The car’s a reddish brown, a black stripe down the side, pulling up to the sidewalk before the apartment building. Behind the glass a harsh-lit lobby, imposing blocks of mail lockers. The driver’s door opens and Jessie gets out, her chauffeur’s cap on her long blond hair, her T-shirt, her sweatpants. Her feet bare.

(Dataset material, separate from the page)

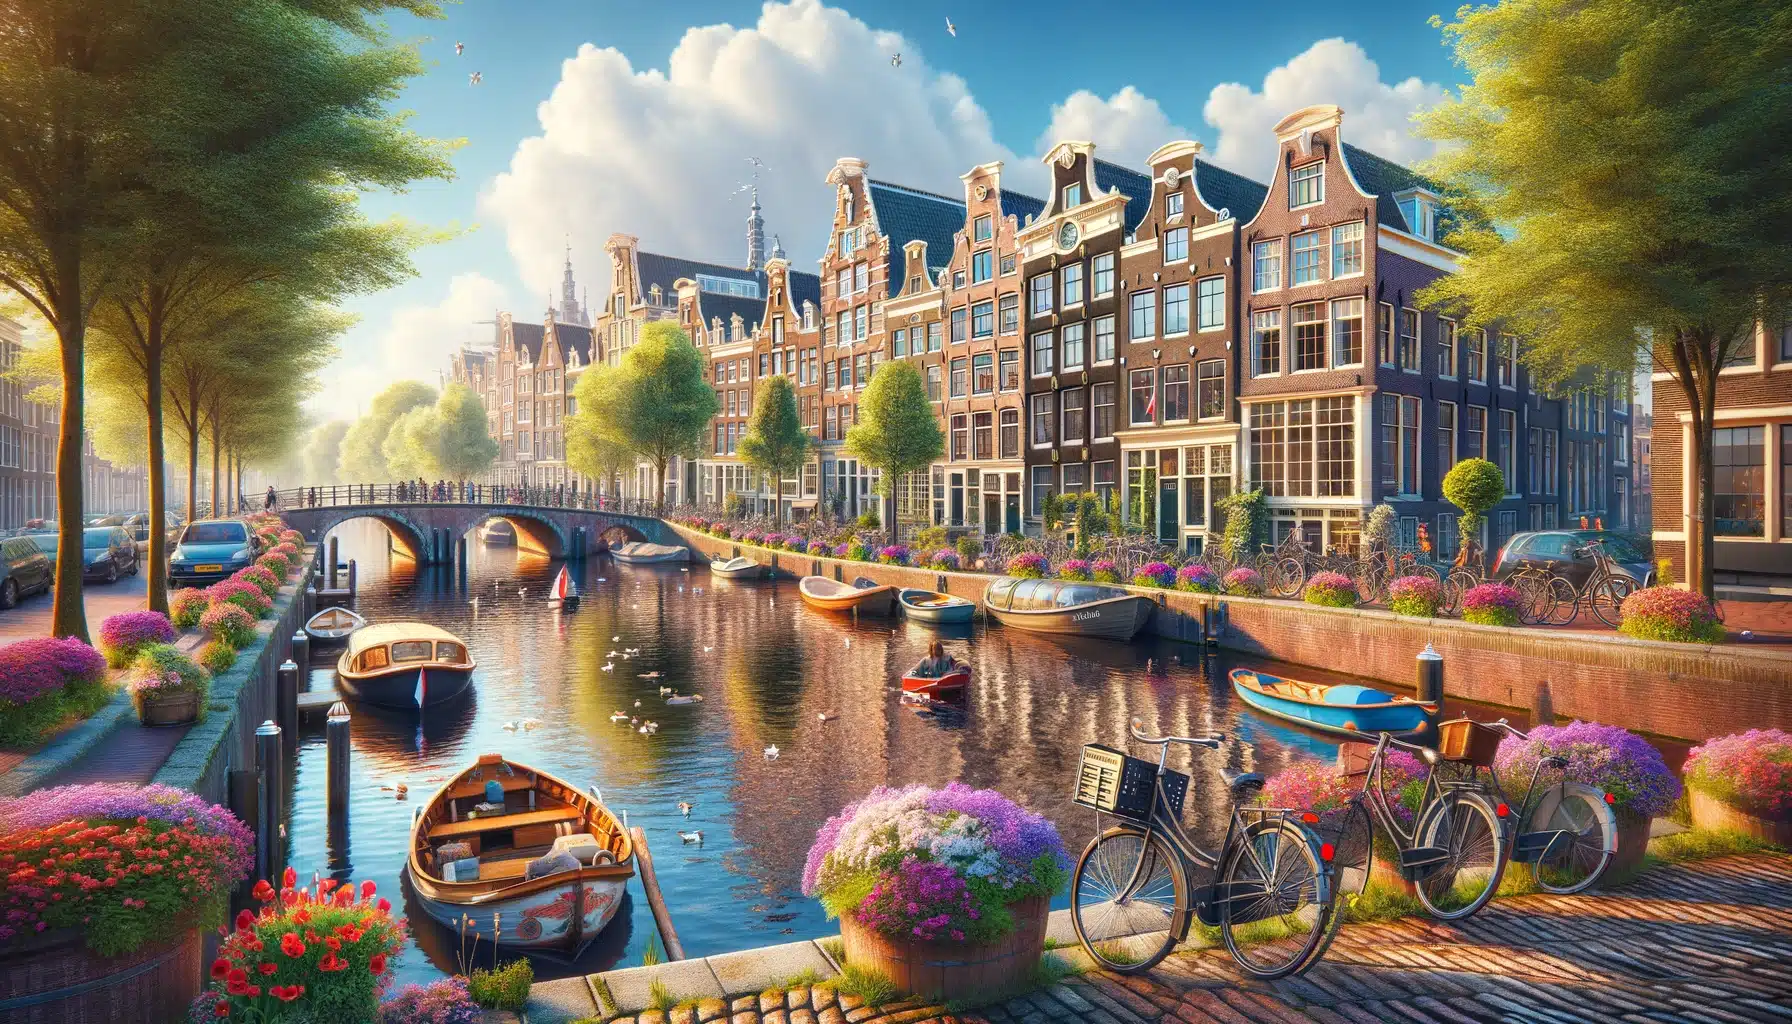 Scenic view of Amsterdam's canals with historic Dutch houses, vibrant flower beds, bicycles, and boats under a sunny sky with fluffy clouds.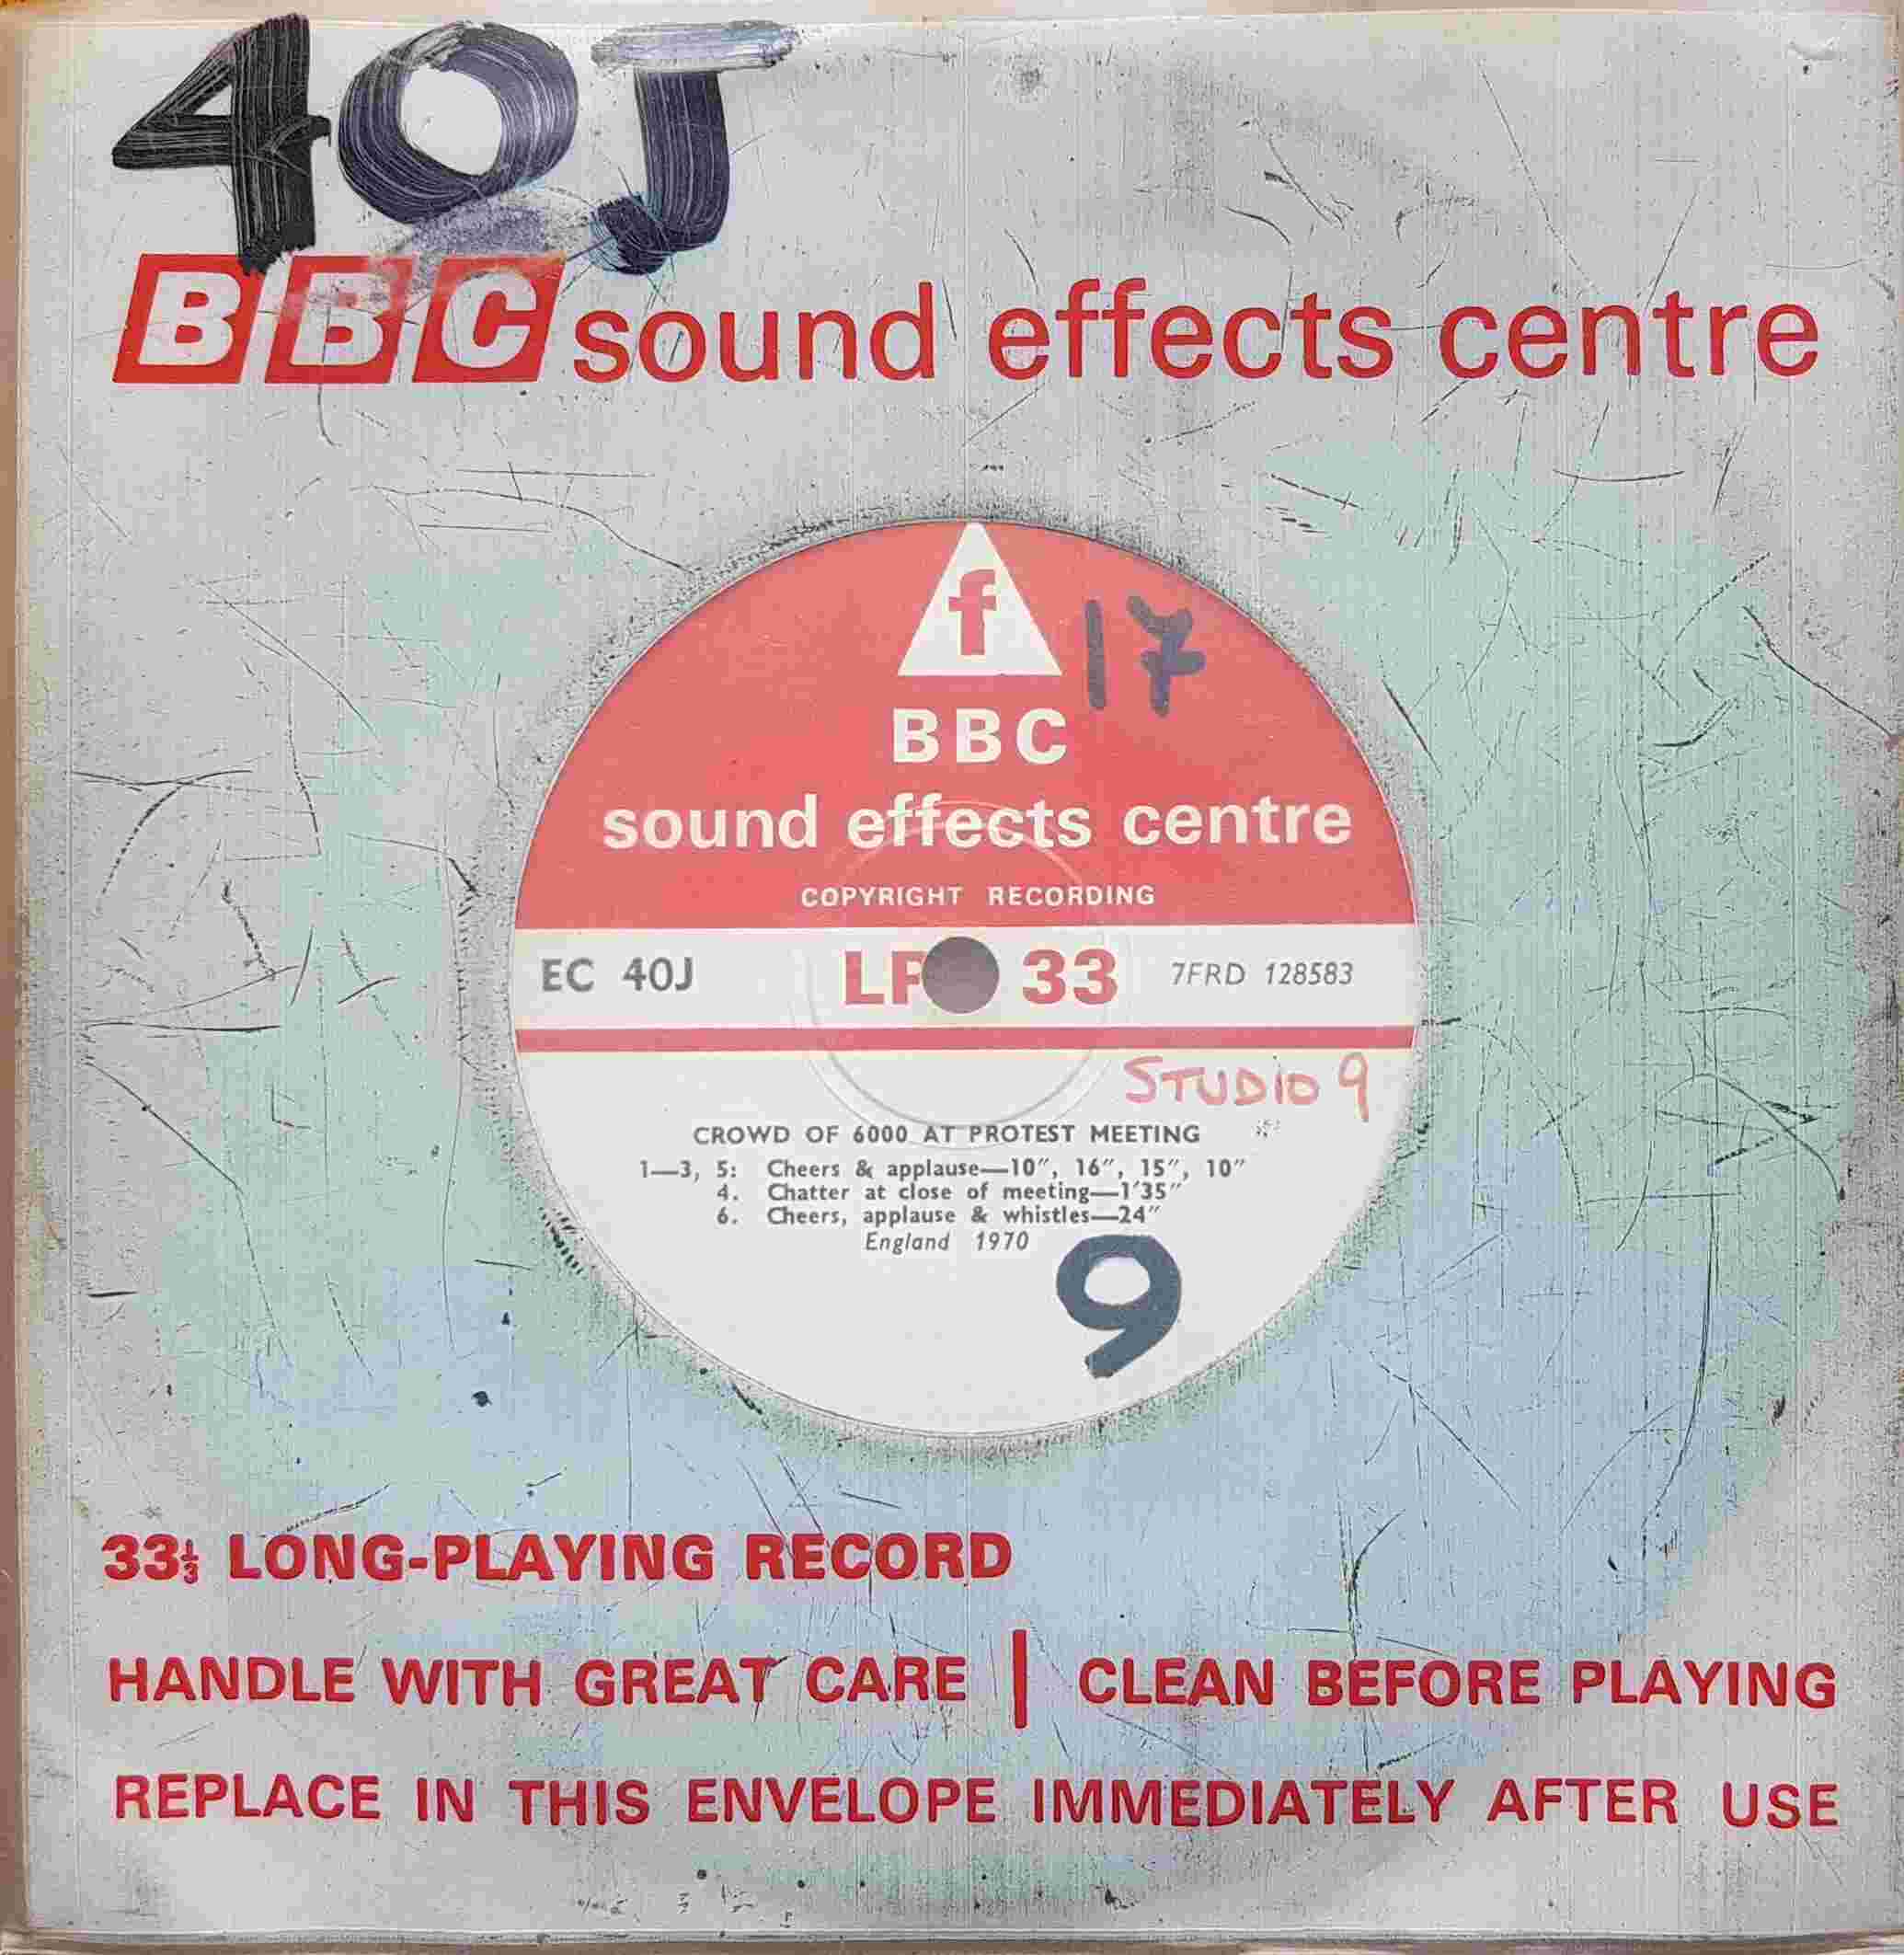 Picture of EC 40J Crowd of 6000 at protest meet - London 1970 by artist Not registered from the BBC singles - Records and Tapes library

Before she can reach in to lever the seat back up Jo’s worming her way out, wrapped in a purple and black kimono, her sword in one hand. Jessie stands back and lets Jo past, then reaches a hand in for Ysabel climbing out, a pink and green and yellow kimono wrapped about a red and brown striped jacket, white feathers still caught in her long black hair, limply damp. She smiles at Jessie and lightly kisses her knuckles and then her mouth.

“Hey,” says Jo, leaning against the passenger door. The Duke cranks down his window. “You’re sure I can’t talk you into it,” he says.

“Nah,” she says, looking up at the windows towering above her. Closing her eyes against the misting rain. “We need, I need someplace – stable. Safe. After all that.”

“Call me,” says the Duke.

Jo turns, leans into the open window. “I gotta get a new phone,” she says. “I left my old one in the pocket of some pants I’ve never seen before.”

“Look in the coat Ysabel’s wearing,” says the Duke. “I saw it on the couch, in that house? While you were getting a blanket.”

Jo’s looking at her sword, her mismatched shoes. “This is getting fucking spooky,” she mutters.

“Call me,” says the Duke.

“Sure,” says Jo, “if the phone bill out of limbo doesn’t break me.” He’s leaning up a little and she leans down and then she kisses him, and then kisses him again.

“I thanked you,” he says, a smile on his face. “I owe you a favor. That’s a dangerous place for you to be.” Jo starts up, looking at him. He’s still smiling. “I like your hair like this,” he says.

“What?” says Jo, but he’s cranking up the window, Jessie’s climbing into the car, the engine’s growling. Ysabel’s by her side. “Let’s get in out of the rain,” she says.

Jo presses the button for the elevator. “So. He’s, well. He’s dead, huh.”

“I think,” says Ysabel, “it’ll turn out he was dead for a while. And the teahouse never was built. Or never was as – beautiful, as it was. And it blew down in a storm. And we’ll all forget.”

“Forget?” says Jo.

“Do you remember your dreams?” says Ysabel, taking Jo’s hand in hers.

“Sometimes? Ysabel – ”

“Like that, then,” says Ysabel, pulling Jo close to her.

“Ysabel, I – ”

“Just hold me, Jo,” says Ysabel. “Please. Just hold me.”

The sword still in one hand Jo puts her arms about Ysabel and Ysabel pulls them together, tightly, those richly clashing kimonos folding one over the other, Ysabel’s face buried in Jo’s shoulder, Jo leaning her head against Ysabel’s, eyes closed, and then, after a bit, the elevator behind them softly dings.